Is there a reason to overthink this issue? If Ockham's Razor is used as a warning against wild speculation, lending emphasis to the point that the simplest explanation may often be the best, why complicate things unnecessarily? Apply Ockham's Razor to the issue of Ockham's razor. In this instance that is the simplest explanation with no apparent need for complications or wild speculation.

Because it's nonsense, and sometimes thinking about things before coming to a conclusion is a good idea.
 
It is the same basic logic behind why using established known mechanisms to explain something is more rational and more likely to be correct than positing some speculative cause. If you find a body poisoned by mushrooms and see a type of mushroom that you know has killed people, and another type of mushroom that you don't know anything about, which mushroom is more likely to have killed him? Sure, the other one might also be poisonous, but without already knowing that, the odds are higher that it's the thing you know could have caused it.

That's not an application of the law of parsimony; that's just an abuse of Bayesian probability.

Whether the known mushroom or the unknown mushroom killed the person, the mechanism is the same: poisonous mushroom.
 
The thing is, I doubt it was ever meant to be taken as seriously as it's being taken in this thread. It's just an occasionally useful heuristic which gives people a baseline for thinking about things that happen to them, not an ipso facto scientific theorem.

Yes, people always say that once it is meaningfully challenged. Which is why I feel free to ignore it. I have no need for "rules of thumb" that don't stand up to scrutiny. It may seem silly to try and measure whether a stitch in time in fact saves nine, but the real silliness to me is following a rule - or using it in support of an otherwise serious philosophical argument - if that rule does not itself have any substantial basis.


I don't know that I'm qualified to defend my position, but since nobody else in the thread has taken my position, I'll at least state my belief:

Occam's razor is fundamental to logical analysis. Without the razor, every question has an infinite number of answers, each of which is equally likely to be true.
 
The thing is, I doubt it was ever meant to be taken as seriously as it's being taken in this thread.

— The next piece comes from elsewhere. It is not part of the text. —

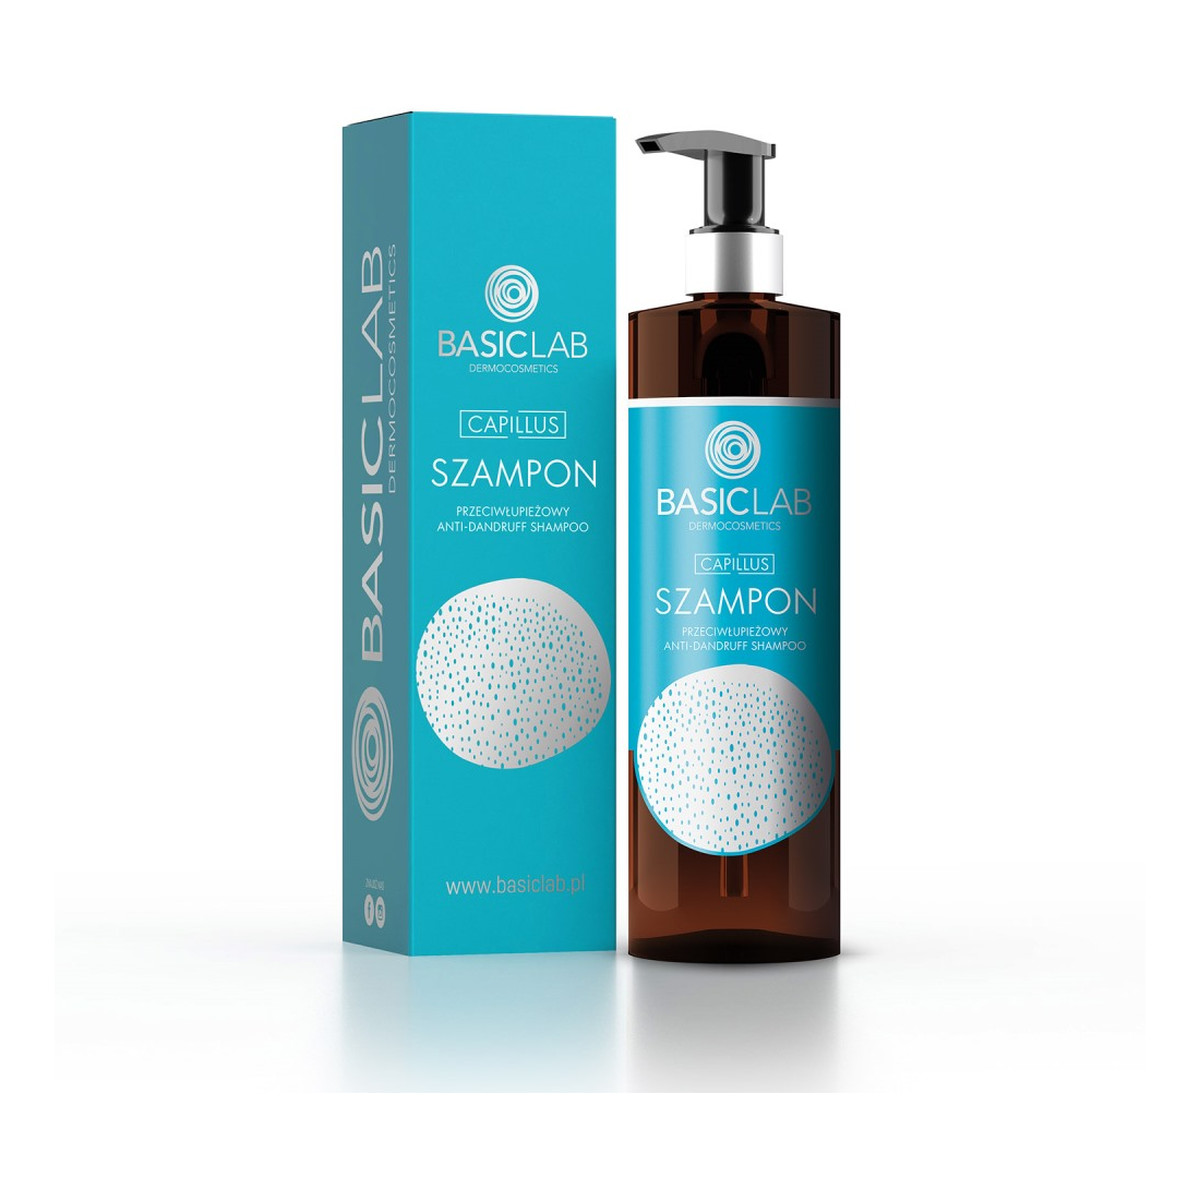 Basiclab Capillus Shampoo szampon przeciwłupieżowy 300ml

It's just an occasionally useful heuristic which gives people a baseline for thinking about things that happen to them, not an ipso facto scientific theorem.

Yes, people always say that once it is meaningfully challenged. Which is why I feel free to ignore it. I have no need for "rules of thumb" that don't stand up to scrutiny. It may seem silly to try and measure whether a stitch in time in fact saves nine, but the real silliness to me is following a rule - or using it in support of an otherwise serious philosophical argument - if that rule does not itself have any substantial basis.


I don't know that I'm qualified to defend my position, but since nobody else in the thread has taken my position, I'll at least state my belief:

Occam's razor is fundamental to logical analysis. Without the razor, every question has an infinite number of answers, each of which is equally likely to be true.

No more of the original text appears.